Gabrielle Union-Wade, in the history of Gabrielle Union-Wadeisms, has never stood down on any subject that she was passionate about. She has taken on Black women’s pay in Hollywood, human rights, and more.

And thankfully, in true Gabby fashion, her highly discussed recent NAACP President’s Award acceptance speech was no different, as she advocated on the front lines of her most personal in the name of family, a misunderstood LGBTQIA+ community, and her vows.

Yes ladies, her vows.

With her frustrations visible and lips quivering, Union bravely moved her husband to the side and took the moment to hold a mirror up to the event audience, home viewers, and media alike, whom she has collected years of criticism and harsh, eye-rolling scrutiny from.

“Black trans people are being targeted, terrorized, and hunted in this country.

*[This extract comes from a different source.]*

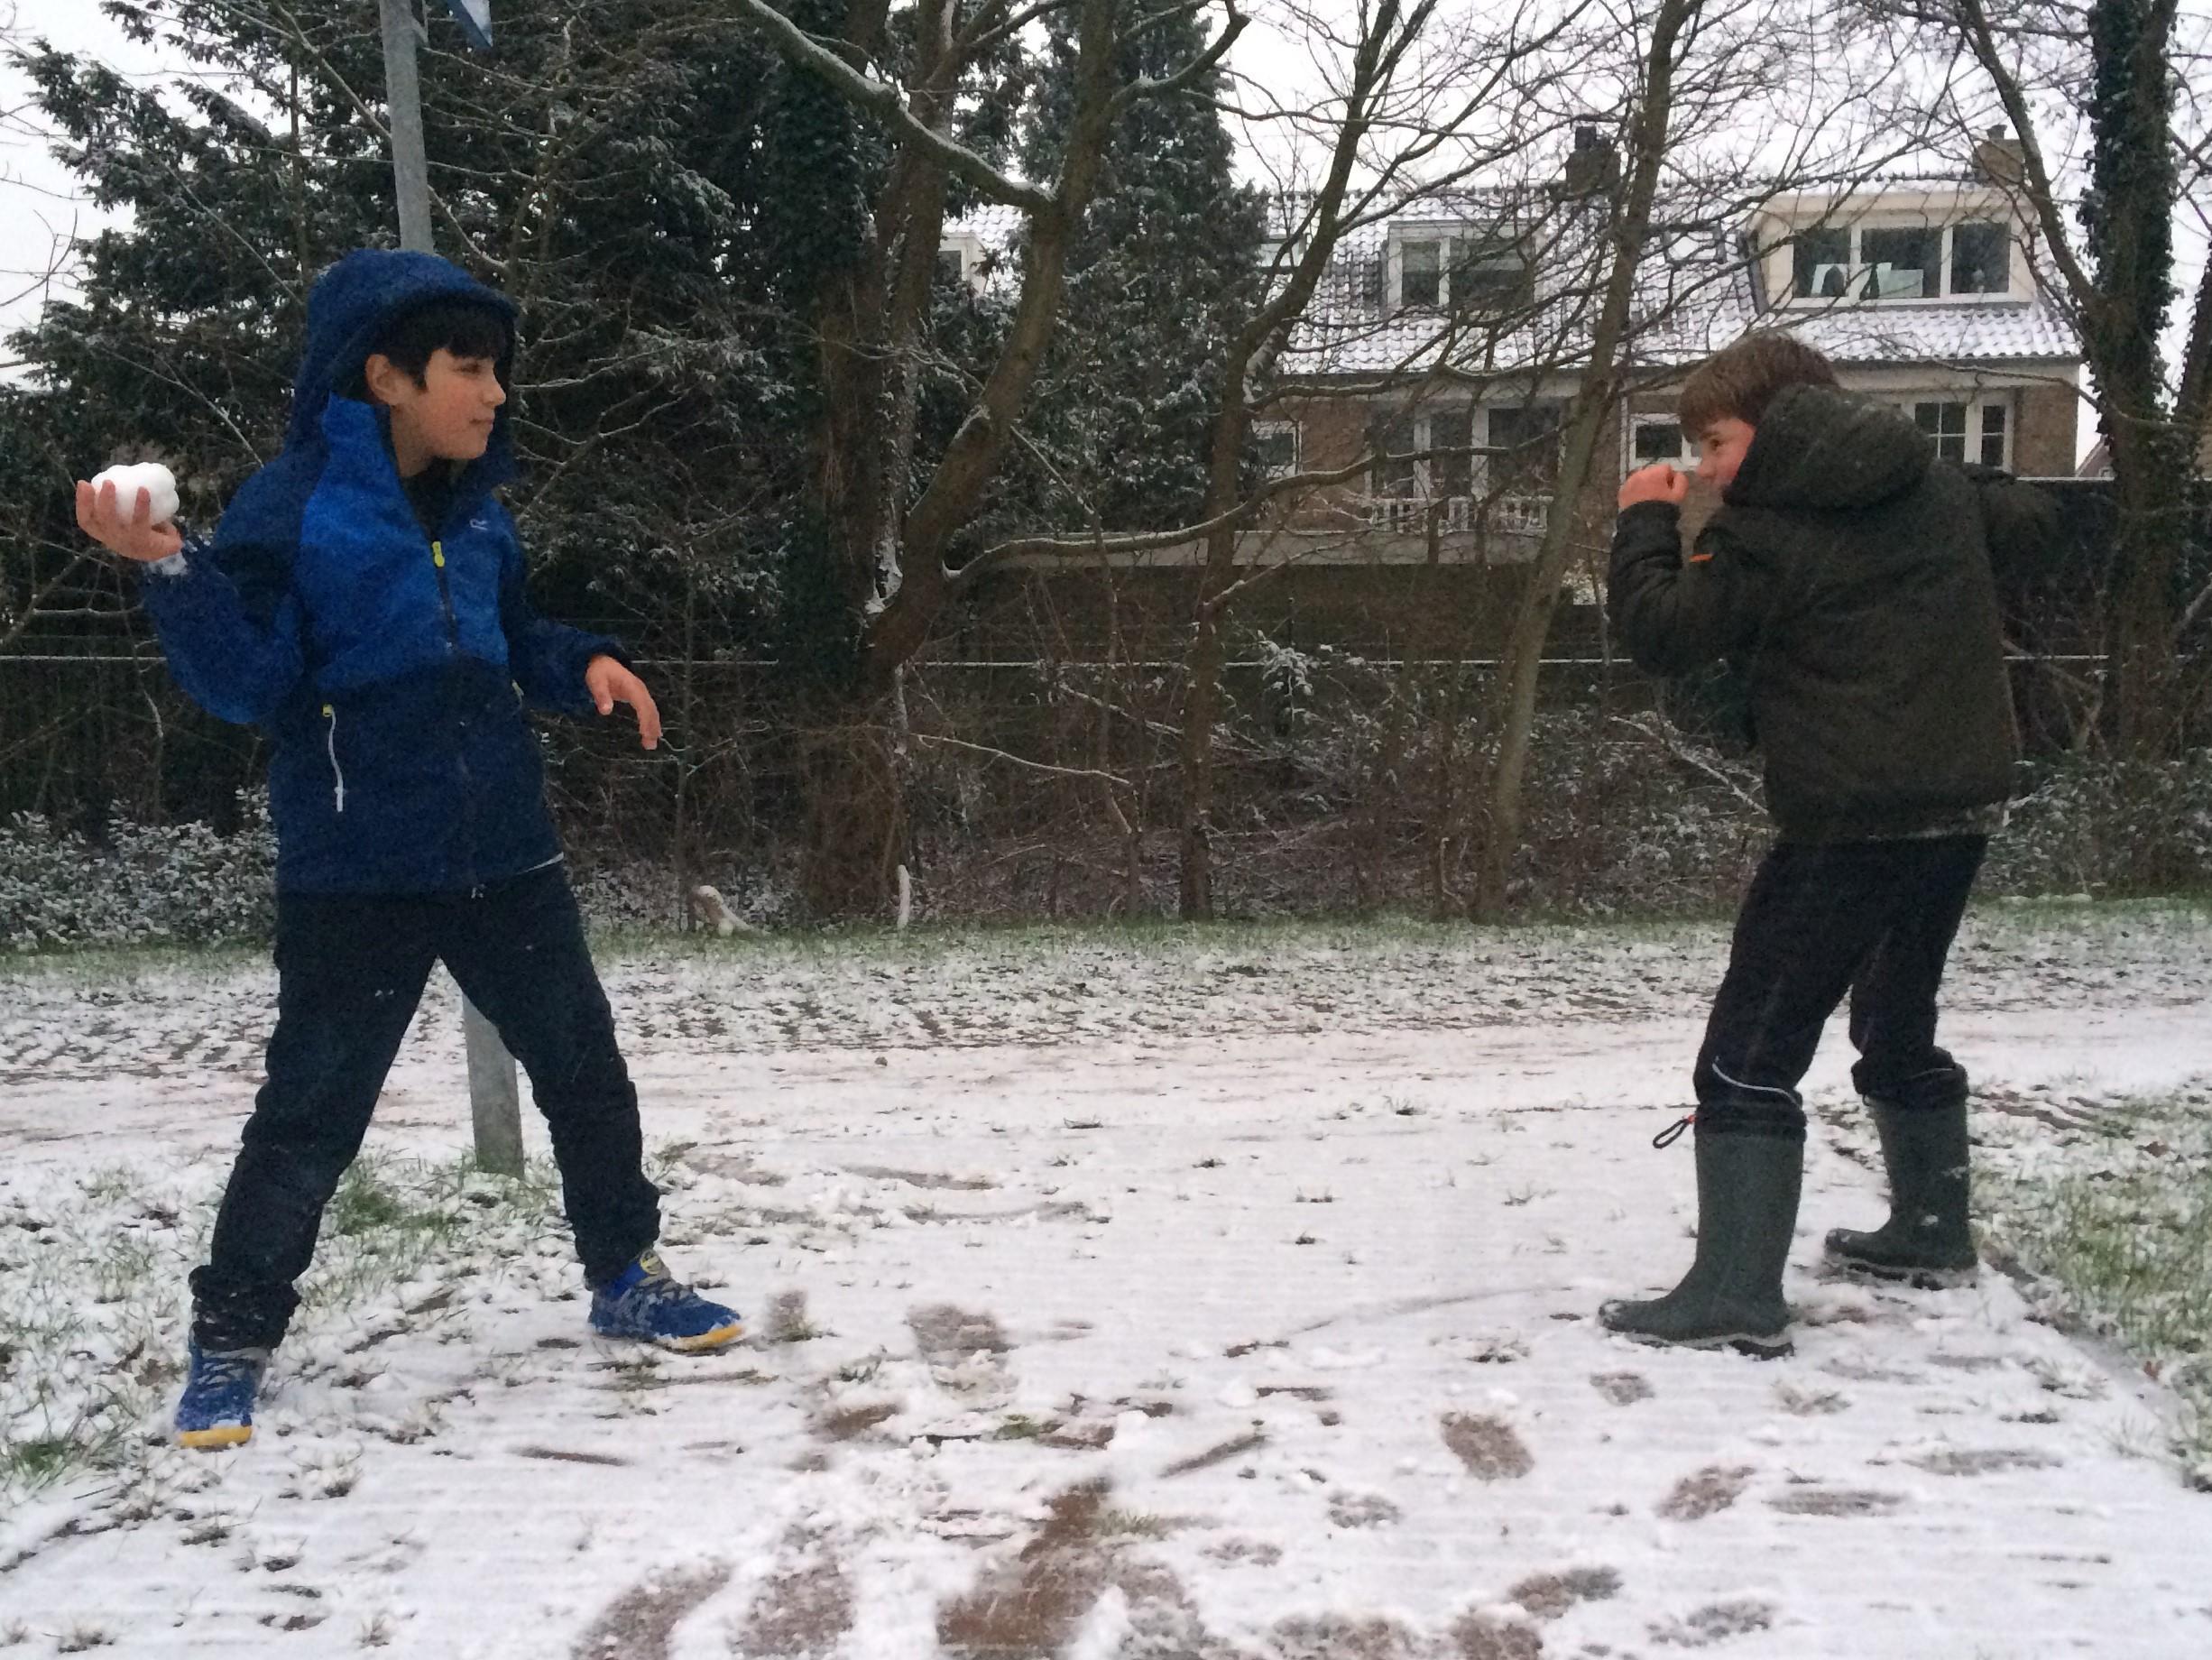 Sneeuwpret als Velsen zaterdag langzaam helemaal wit kleurt

Every day, everywhere. And there’s rarely a whisper about it.”

She continued,

“This is a conversation worth having in ways that can actually build bridges — that don’t fan the flames of hatred or division, that don’t enable lawmakers or justice systems to look the other way when Black trans people are under attack. That don’t drive more young people to hate themselves or harm themselves. That don’t cost people their lives.”

As we know, Union-Wade is referring to trans daughter, Zaya Wade, whose family is ferociously known for publicly supporting, advocating, and loving, and even who both Gabby and Dwyane credit to being exactly who she is, no matter how misunderstood.

But as a woman who is married into a blended family, I couldn’t help but see her. And I don’t mean this in a literal sense, I mean truly see her. Being a woman who has not birthed their own children but has married into families where kids or teens are involved isn’t the path for many.

And that’s okay.

Who you are as a partner is often amplified in these cases, and you find yourself questioning who you are—many of us wouldn’t be good partners for certain people because of it. And despite the ridicule and criticism from the outside looking in, from people who mislabel or judge your parenting choices, you continue to show up.

Would you do the same for your partner?

Would you ignore the hate and combat willful ignorance, judgment, and beyond in the name of love?

Are you really about that life?

Think about it.

For Union-Wade, the decision to show up is an absolute non-negotiable, which she addressed on The Ellen Show, saying:

"With all of the love comes the hate too. It’s watching the love handle the hate that has been encouraging. We’re just loving and accepting our kids, which is not revolutionary. To some people it’s nuts. To us, it’s a little odd to get any kind of recognition for doing what you’re supposed to do, which is love and accept and embrace your kids.”

And with her husband right by her side, she adds, “I’m not standing on my own.”

How do you define a ‘partnership?’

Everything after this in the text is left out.